Download Hegel and Canada Book in PDF, Epub and Kindle

Hegel and Canada is a collection of essays that analyses the real, but under-recognized, role Hegel has played in the intellectual and political development of Canada. The volume focuses on the generation of Canadian scholars who emerged after World War Two: James Doull, Emil Fackenheim, George Grant, Henry S. Harris, and Charles Taylor.

Beyond the Slave Narrative

Beyond the Slave Narrative
Author: Deborah Jenson
Publsiher: Liverpool University Press
Total Pages: 337
Release: 2012-01-01
Genre: History
ISBN: 9781846317606

Download Beyond the Slave Narrative Book in PDF, Epub and Kindle

The Haitian Revolution has generated responses from commentators in fields ranging from philosophy to historiography to twentieth-century literary and artistic studies.
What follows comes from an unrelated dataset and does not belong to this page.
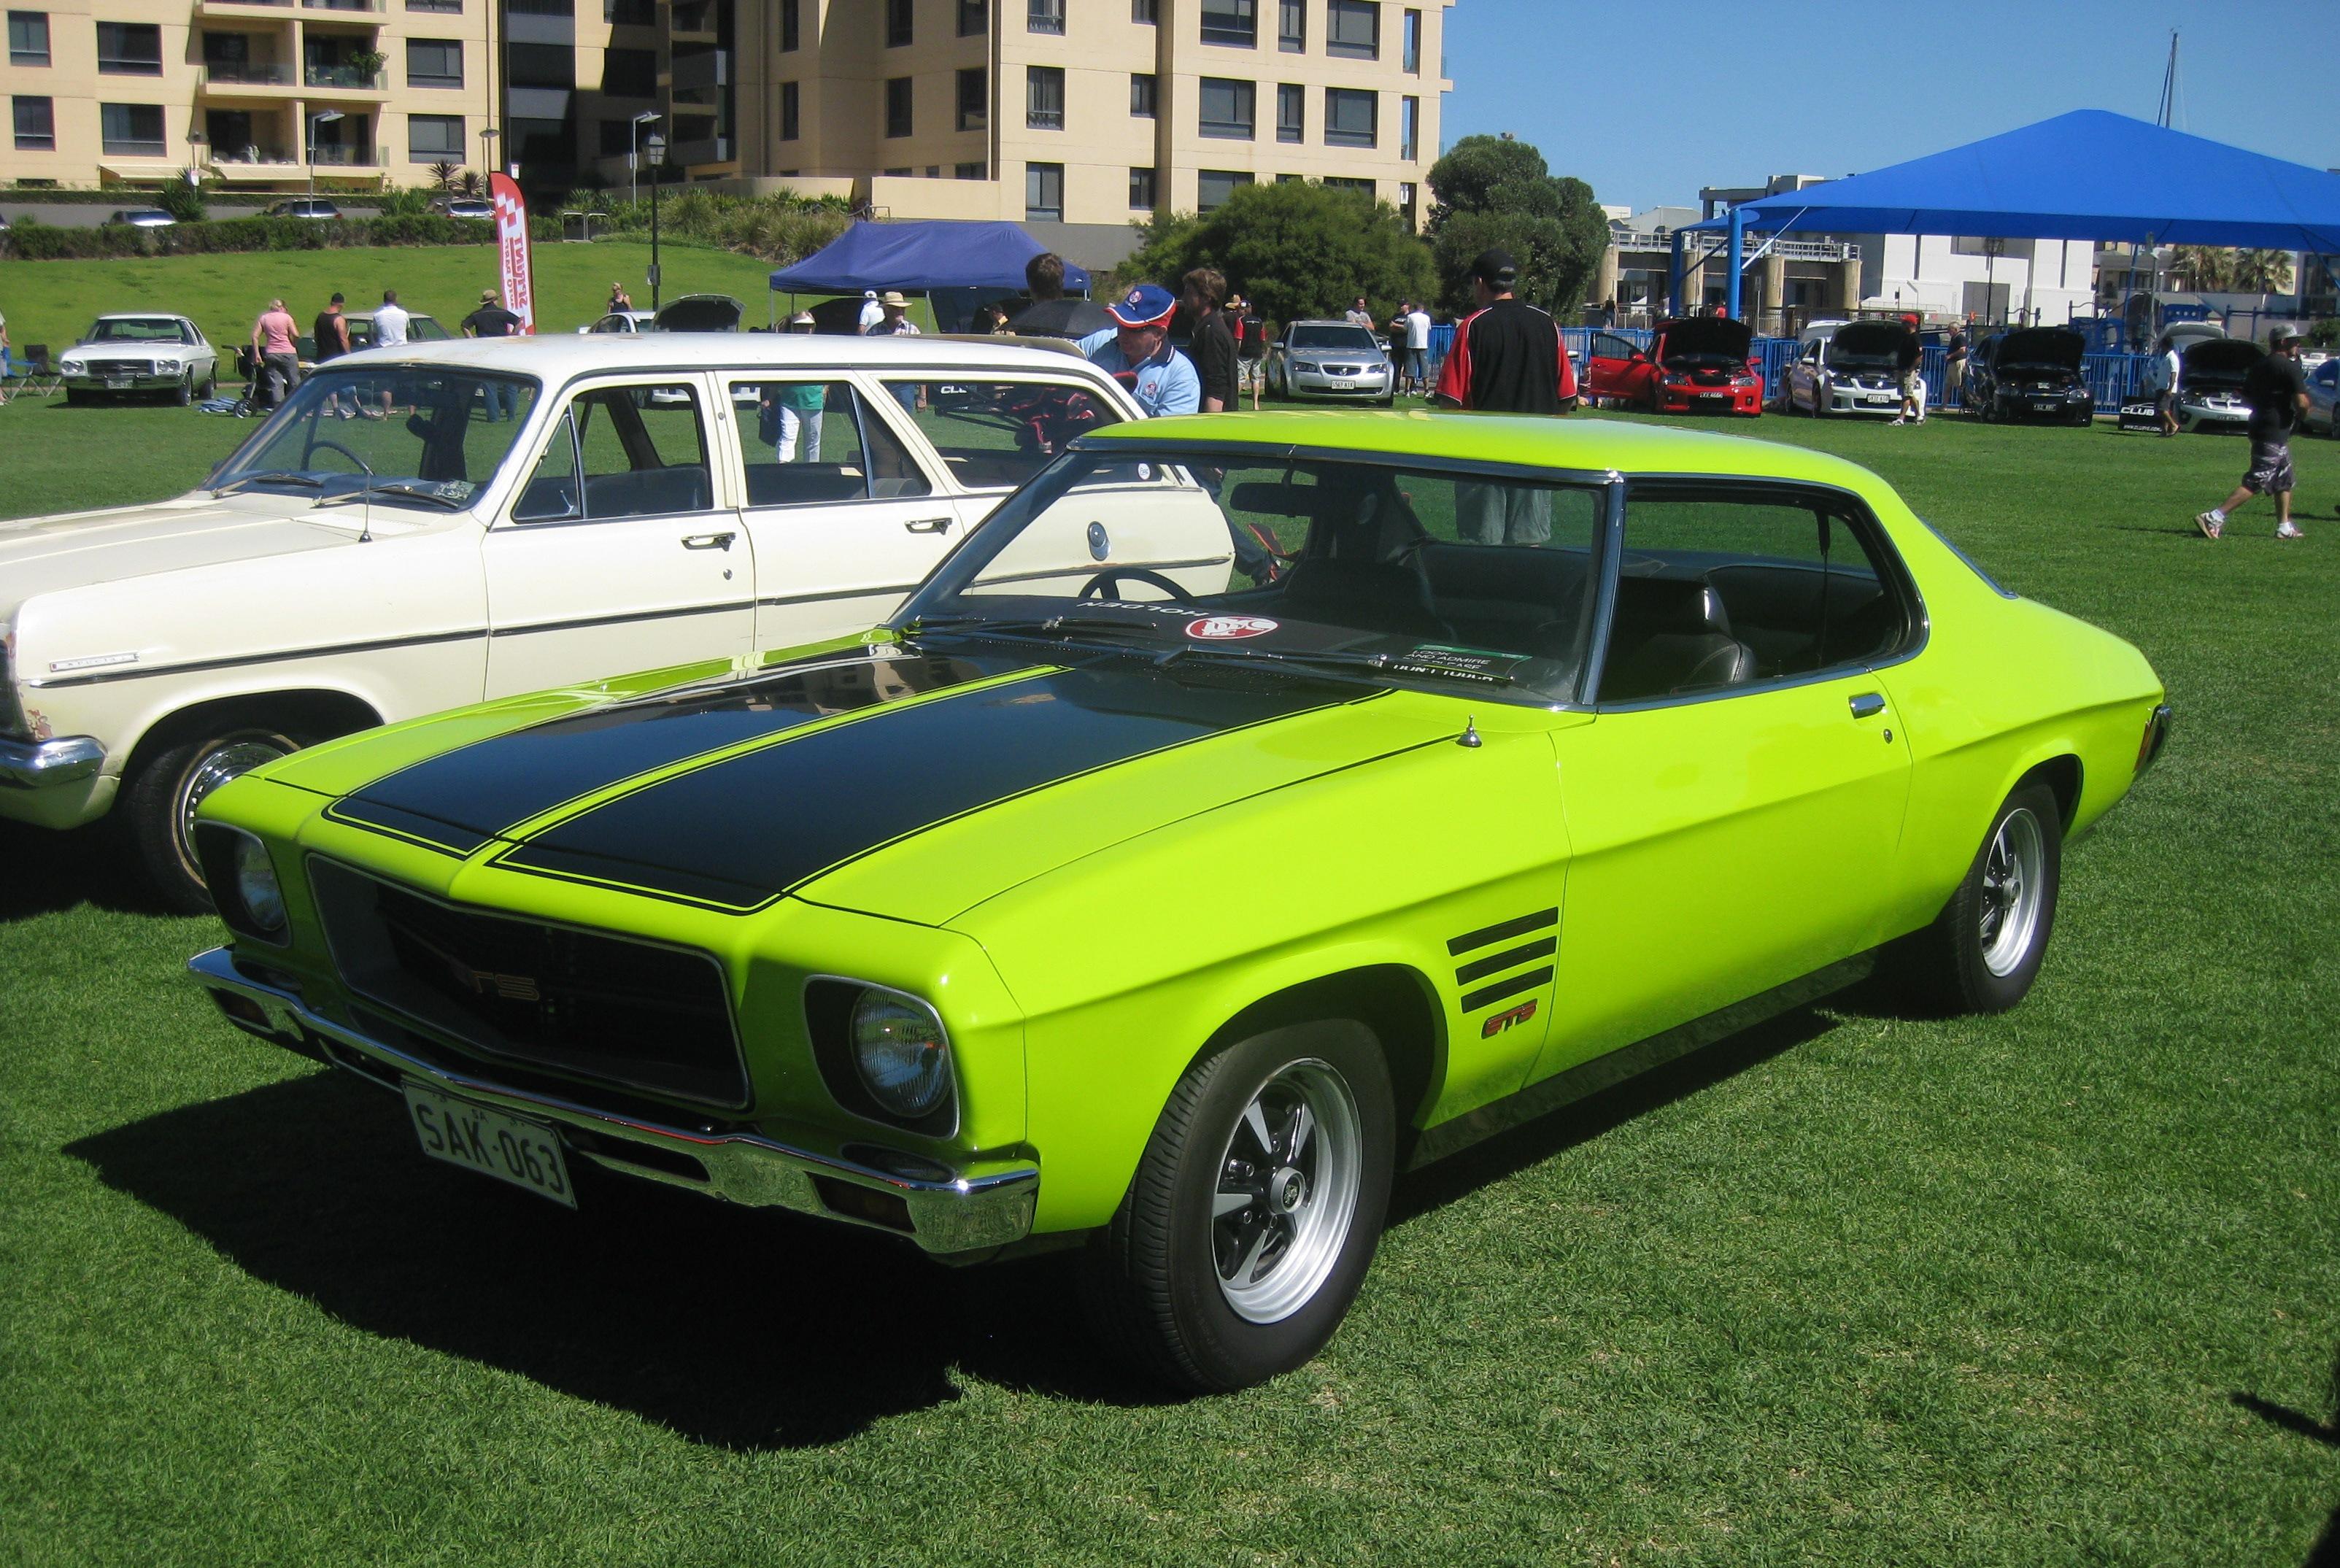 File:Holden HQ Monaro GTS Coupe (1).JPG - Wikimedia Commons
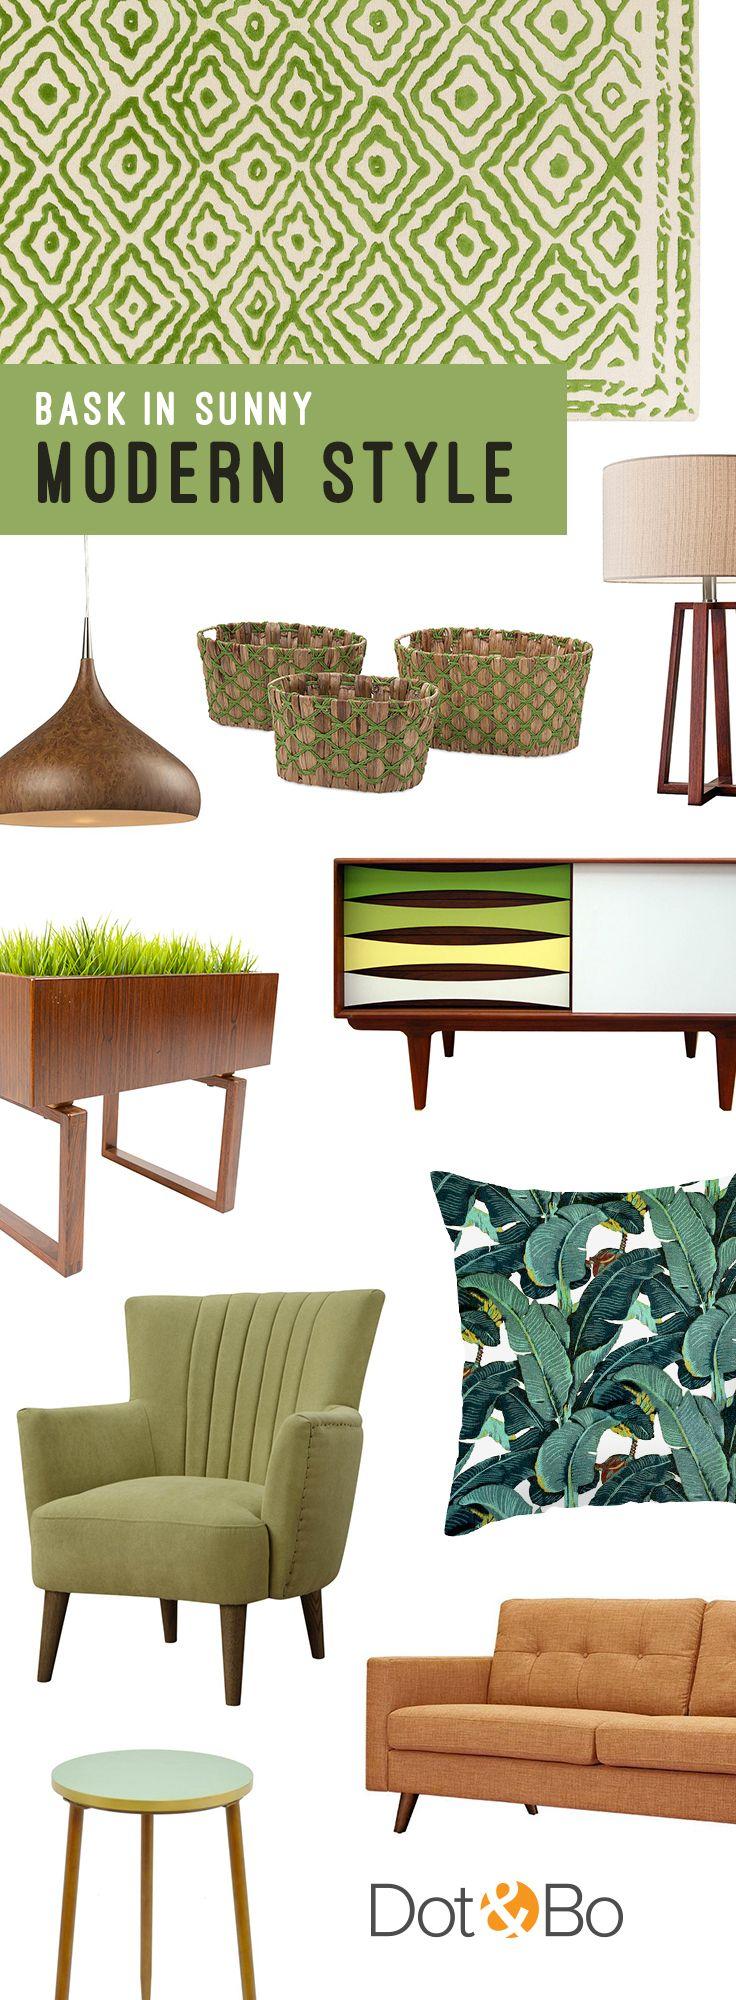 nature inspired furniture. modern natureinspired furniture u0026 dcor up to 60 off at dotandbo nature inspired e

But what about the written work produced at the time, by Haitians? This book is the first to present an account of a specifically Haitian literary tradition in the Revolutionary era. Beyond the Slave Narrative shows the emergence of two strands of textual innovation, both evolving from the new revolutionary consciousness: the remarkable political texts produced by Haitian revolutionary leaders Toussaint Louverture and Jean-Jacques Dessalines, and popular Creole poetry from anonymous courtesans in Saint-Domingue's libertine culture. These textual forms, though they differ from each other, both demonstrate the increasing cultural autonomy and literary voice of non-white populations in the colony at the time of revolution. Unschooled generals and courtesans, long presented as voiceless, are at last revealed to be legitimate speakers and authors. These Haitian French and Creole texts have been neglected as a foundation of Afro-diasporic literature by former slaves in the Atlantic world for two reasons: because they do not fit the generic criteria of the slave narrative (which is rooted in the autobiographical experience of enslavement); and because they are mediated texts, relayed to the print-cultural Atlantic domain not by the speakers themselves, but by secretaries or refugee colonists. These texts challenge how we think about authorial voice, writing, print culture, and cultural autonomy in the context of the formerly enslaved, and demand that we reassess our historical understanding of the Haitian Independence and its relationship to an international world of contemporary readers.